3. In the event of a complaint, the principal undertakes to release the manufacturer from any obligation towards third parties and to assume any dispute that may arise from the reproduction and printing of photographic and written documents, samples and similar material that have been made available to the manufacturer by the principal.

13. Documents used for reproduction / tools

1. All documents used for reproduction (photographs, computer media, typographic material, montages, clichés, etc.) and all tools (cutting shapes, matrices, etc.) remain the property of the manufacturer, even if the costs of creating the documents and tools have been invoiced to the client.

14. Preservation of working documents

1. The manufacturer is not obligated to retain working documents such as files, negatives, color proofs, lithographs, films, compositions, proofs, or tools after the goods have been manufactured and delivered, unless otherwise agreed in writing. A record of the final data intended to safeguard the technical production data of the goods will be deleted six months after the delivery date.

2. When the retention of working documents has been agreed upon in writing, the resulting costs, e.g., for archiving, retrieval, formatting, and editing, will be invoiced at cost. The retention of working documents is at the client's risk. The manufacturer assumes no responsibility for the subsequent proper availability of the archived working documents.

15. Limitations of liability

1. With regard to direct damages caused by gross negligence or willful misconduct and suffered by the principal due to the manufacturer or its auxiliary personnel during the performance of contractual obligations, the manufacturer's liability is limited to a maximum of the agreed or confirmed price of the goods.

2. The manufacturer accepts no responsibility for inaccurate or incomplete data transmitted by the customer (via computer or modem).
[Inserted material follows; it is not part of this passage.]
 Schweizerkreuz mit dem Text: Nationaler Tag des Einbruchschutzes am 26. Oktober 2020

Furthermore, the manufacturer disclaims all liability when the data provided cannot be processed or used in a standard manner and consequently results in defects in the ordered products. The manufacturer accepts no responsibility for the loss of delivered data or data requiring reprocessing.

3. The client's right to compensation exceeding that mentioned above is deemed nonexistent. In particular, the manufacturer assumes no liability for indirect or defective damages, for economic losses, or for damages resulting from lost orders or lost profits on the part of the client, etc.
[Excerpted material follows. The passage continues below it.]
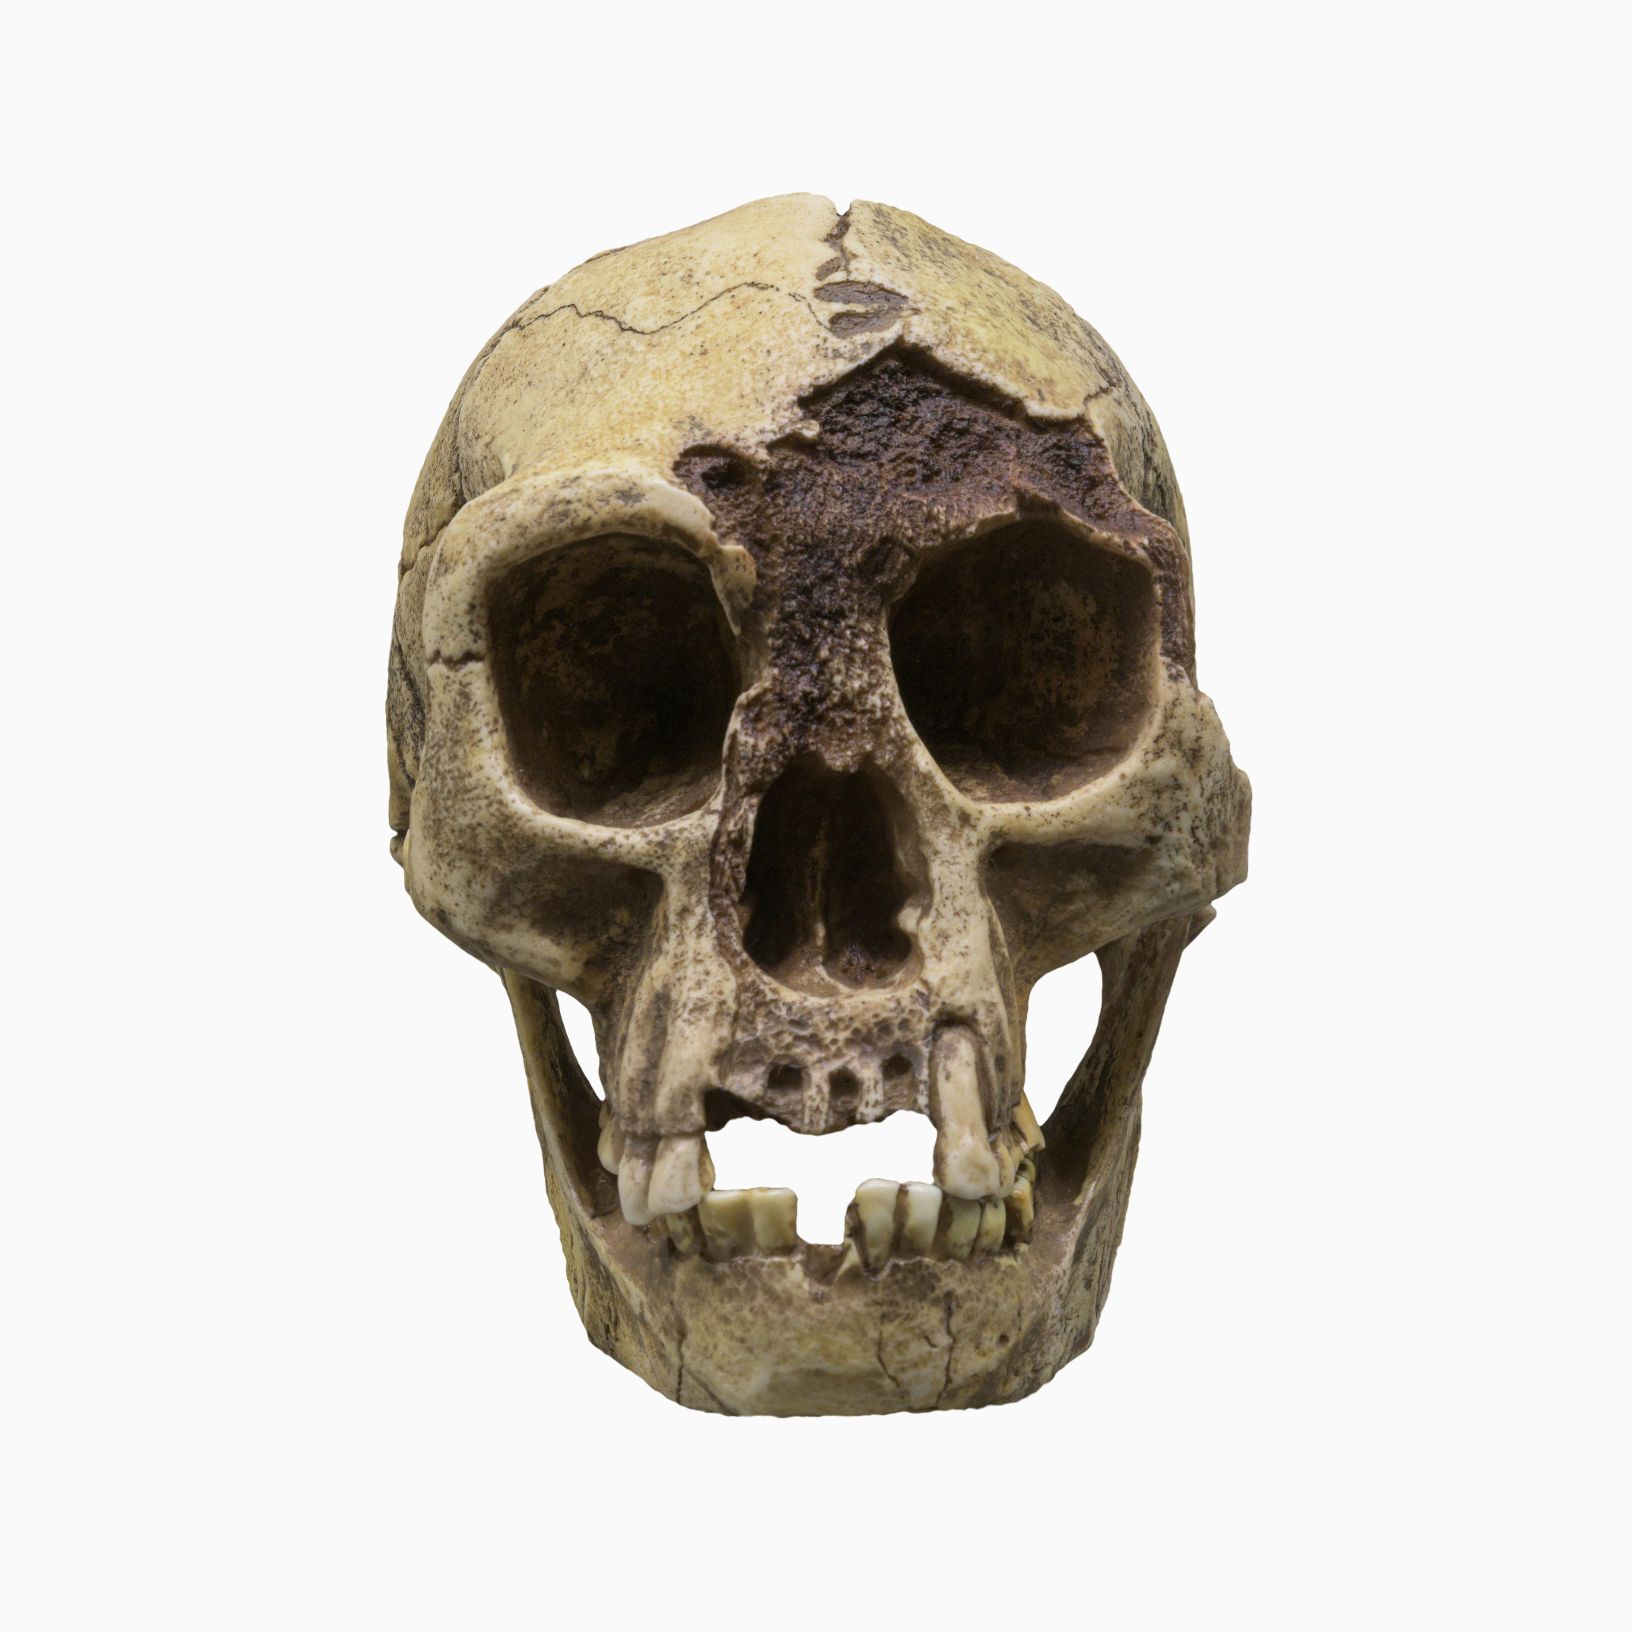 Kraniet af H. floresiensis (Flores Man), med tilnavnet 'Hobbit', er en art af små arkaiske mennesker, der beboede øen Flores, Indonesien. © Billedkredit: Dmitriy Moroz | Licenseret fra DreamsTime.com (Redaktionel/kommerciel brug Stock Photo, ID: 227004112)

16. Modifications, additions and partial cancellations

1. Any modification and addition to these general conditions or to a contract between the manufacturer and its principal, as well as any other legally binding declaration by the contracting parties, must be recorded in writing to be valid.
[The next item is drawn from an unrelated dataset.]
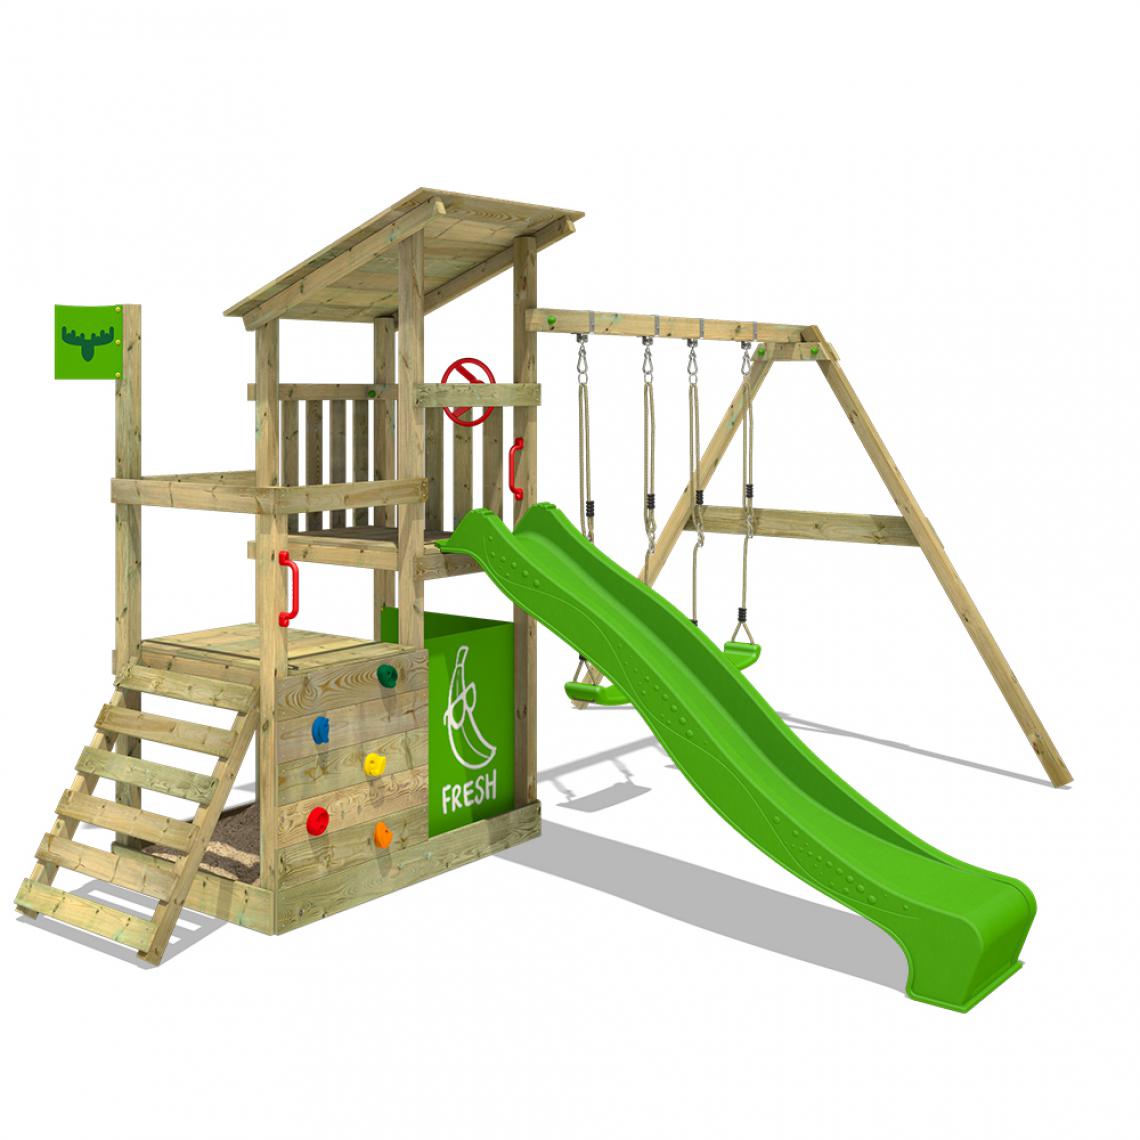 Fatmoose - Aire de jeux Portique bois FruityForest avec balançoire et toboggan vert pomme Maison enfant extérieure avec bac à sable, échelle d'escalade & accessoires de jeux - Aire de jeux

2. If any clause of these general terms and conditions or of a contract between the manufacturer and the client is deemed null and void, that clause shall be replaced by a new, valid clause that most closely approximates its legal or commercial purpose. The validity of the other clauses of the contract and these general terms and conditions shall not be affected.

17. Place of execution and jurisdiction

1. The place of performance for both parties is the manufacturer's headquarters.

2. In the event of any dispute arising out of or in connection with the individual contract between the contracting parties and these general terms and conditions, including disputes relating to the performance, legal validity, modification, or termination of said contract, the courts of the manufacturer's registered office shall have exclusive jurisdiction. The manufacturer is also entitled to bring an action before the courts of the principal's registered office or branch. The principal expressly waives the right to bring an action before the courts of its place of jurisdiction, the courts of its registered office or branch, or any other court.

18. Applicable law

1. The contracting parties hereby submit their legal relationship to Lebanese law. This supplements the contract and these general terms and conditions. The application of the United Nations Convention on Contracts for the International Sale of Goods (Vienna Convention) is explicitly excluded.